Senator Ted Cruz of Texas won the Iowa Caucus for the Republicans while Senator Bernie Sanders of Vermont ran a close second to Hillary Clinton, and Clinton squeezed by to win the Iowa caucuses for the Democrats. Clinton received 49.87 percent of the vote while Sanders received 49.57 percent of the vote. Despite the small margin, Clinton was ruled the winner.
USA Today reported that Clinton ticked off her presidential goals at the Iowa caucuses that included dealing with climate change, reducing an increasing student debt, creating universal healthcare, and increasing rights for women, gays, immigrants, and workers. She said that the way to secure her goals was to win the Iowa caucuses and keep winning.
“We do that by securing the nomination, and then we do it by winning and going into that White House as others before have, determined to push forward on the great goals and values that unite us as Americans.”
— The New York Times (@nytimes) February 2, 2016
The Iowa caucuses turned in a solid lead for Bernie Sanders, and he cited presidential goals similar to Clinton’s and added an additional goal of making all public education free.
“Nine months ago we came to this beautiful state, we had no political organization, we had no money, we had no name recognition and we were taking on the most powerful political organization in the United States of America… And tonight, while the results are still not known, it looks like we are in a virtual tie.”
Martin O’Malley placed third on the Democratic slate in the Iowa caucuses, while Republican Rick Santorum reassessed his candidacy. Although Santorum won the Iowa caucus in 2012, this time, he earned less than one percent of the votes.
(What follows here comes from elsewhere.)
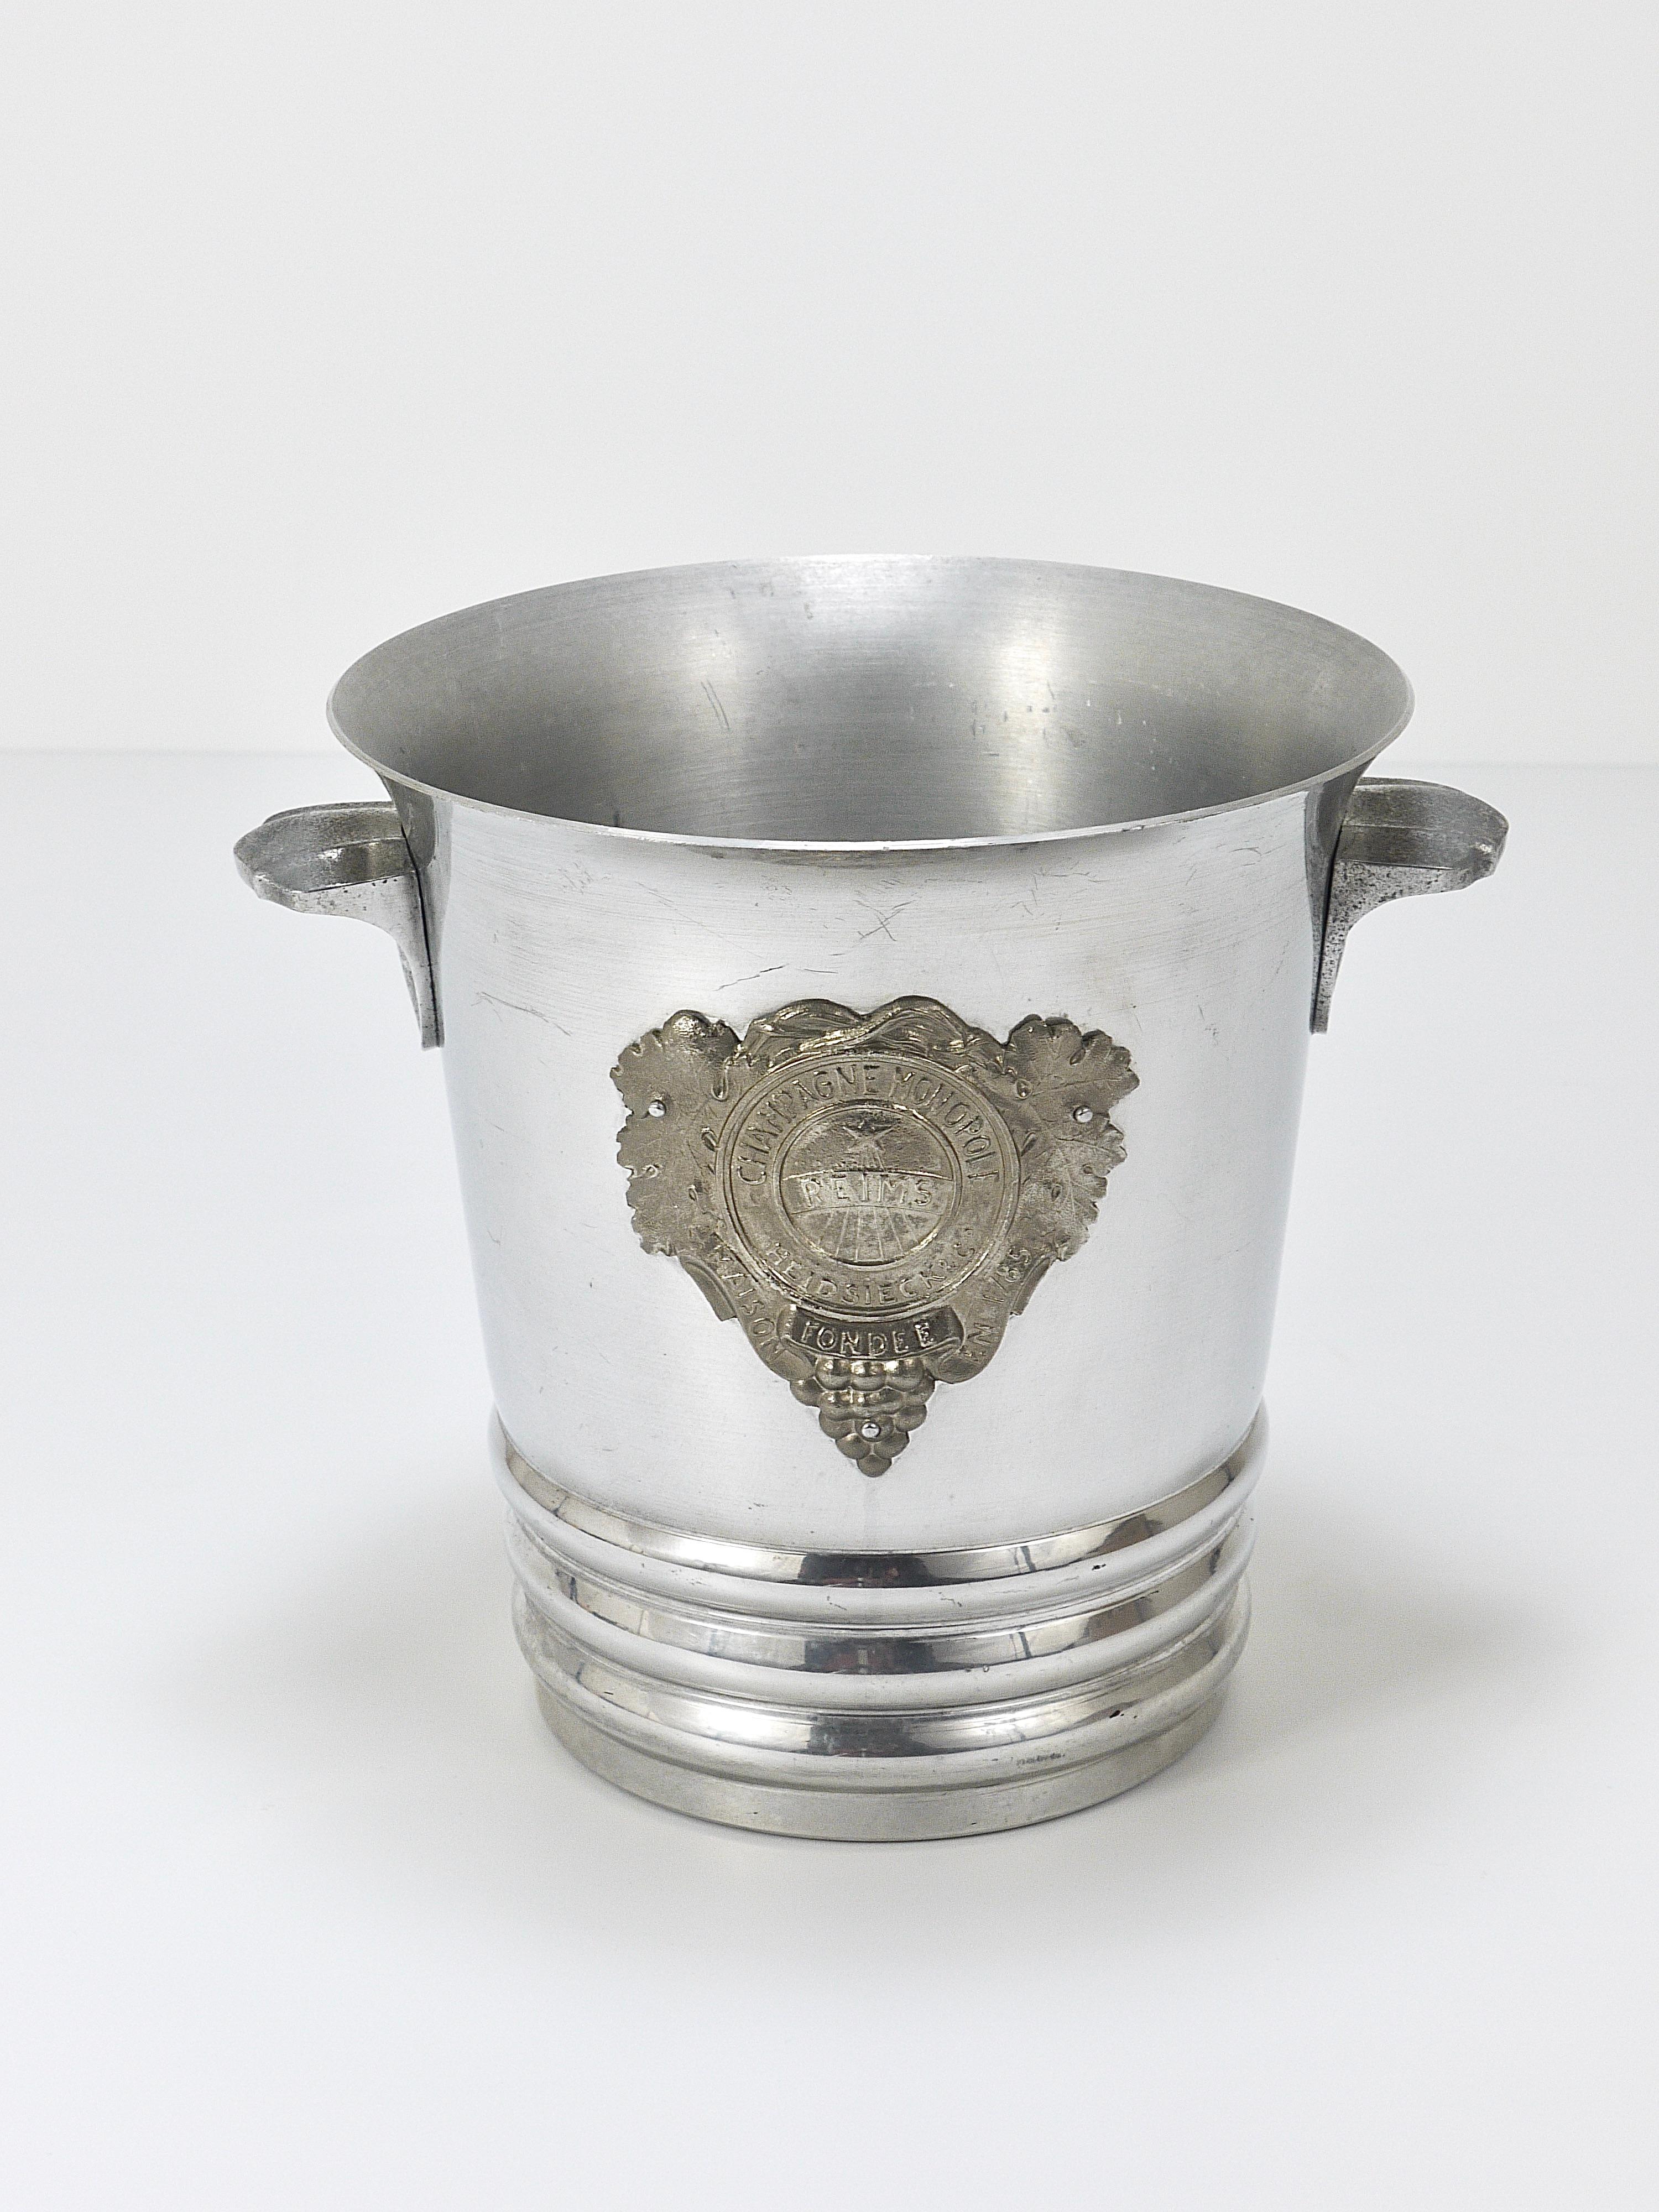 A beautiful Art Deco Champagne bucket from the 1930s / 1940s  by Champagne Monopole Heidsieck & Co. Made of polished aluminum with two nice handles and a decorative badge with  grapevines  and Heidsieck & Co lettering on its front. The handles and

Republican Senator Ted Cruz of Texas defeated billionaire Donald Trump for the top spot for the Republicans. Although Cruz had previously trailed Trump in the voting, he set a record for the number of votes he received in the Iowa caucuses. Cruz received 27.65 percent of the vote while Trump received 24.31 percent. Senator Marco Rubio placed number three with 23.09 percent of the vote.
There were two casualties from the night. Former Maryland governor Martin O’Malley and former Arkansas governor Mike Huckabee both called it quits, suspending both their campaigns as they failed to connect with voters in the Iowa caucuses. Retired neurosurgeon Ben Carson said that he would be heading back to Florida for “clean clothes,” while the other candidates head to New Hampshire for the next caucus.
— ABC News (@ABC) February 2, 2016
Time reported that Ben Carson accused Ted Cruz of engaging in dirty tricks. Carson said that Cruz sent emails to supporters to spread false rumors about him, and Carson said that this was the reason he got involved in politics. He wanted to do something about the dirty tricks involved in politics. Ed Brookover, the campaign manager for Carson, said that Carson was far from out of the race.
“To have campaigns come out and send emails to their caucus speakers suggesting that Dr. Carson was doing anything but moving forward after tonight is the lowest of low in American politics.”
Members of Carson’s campaign team produced evidence that precinct captains were part of the alleged misconduct by the Cruz campaign. Ryan Rhodes, Carson’s Iowa state director, showed reporters a text he had received on his phone. Another precinct chair announced that he had received an email saying that Carson and his team were taking a break from campaigning. Senator Cruz’s team denies the allegations, and while the Iowa caucuses are over, the candidates head to New Hampshire for the next caucus.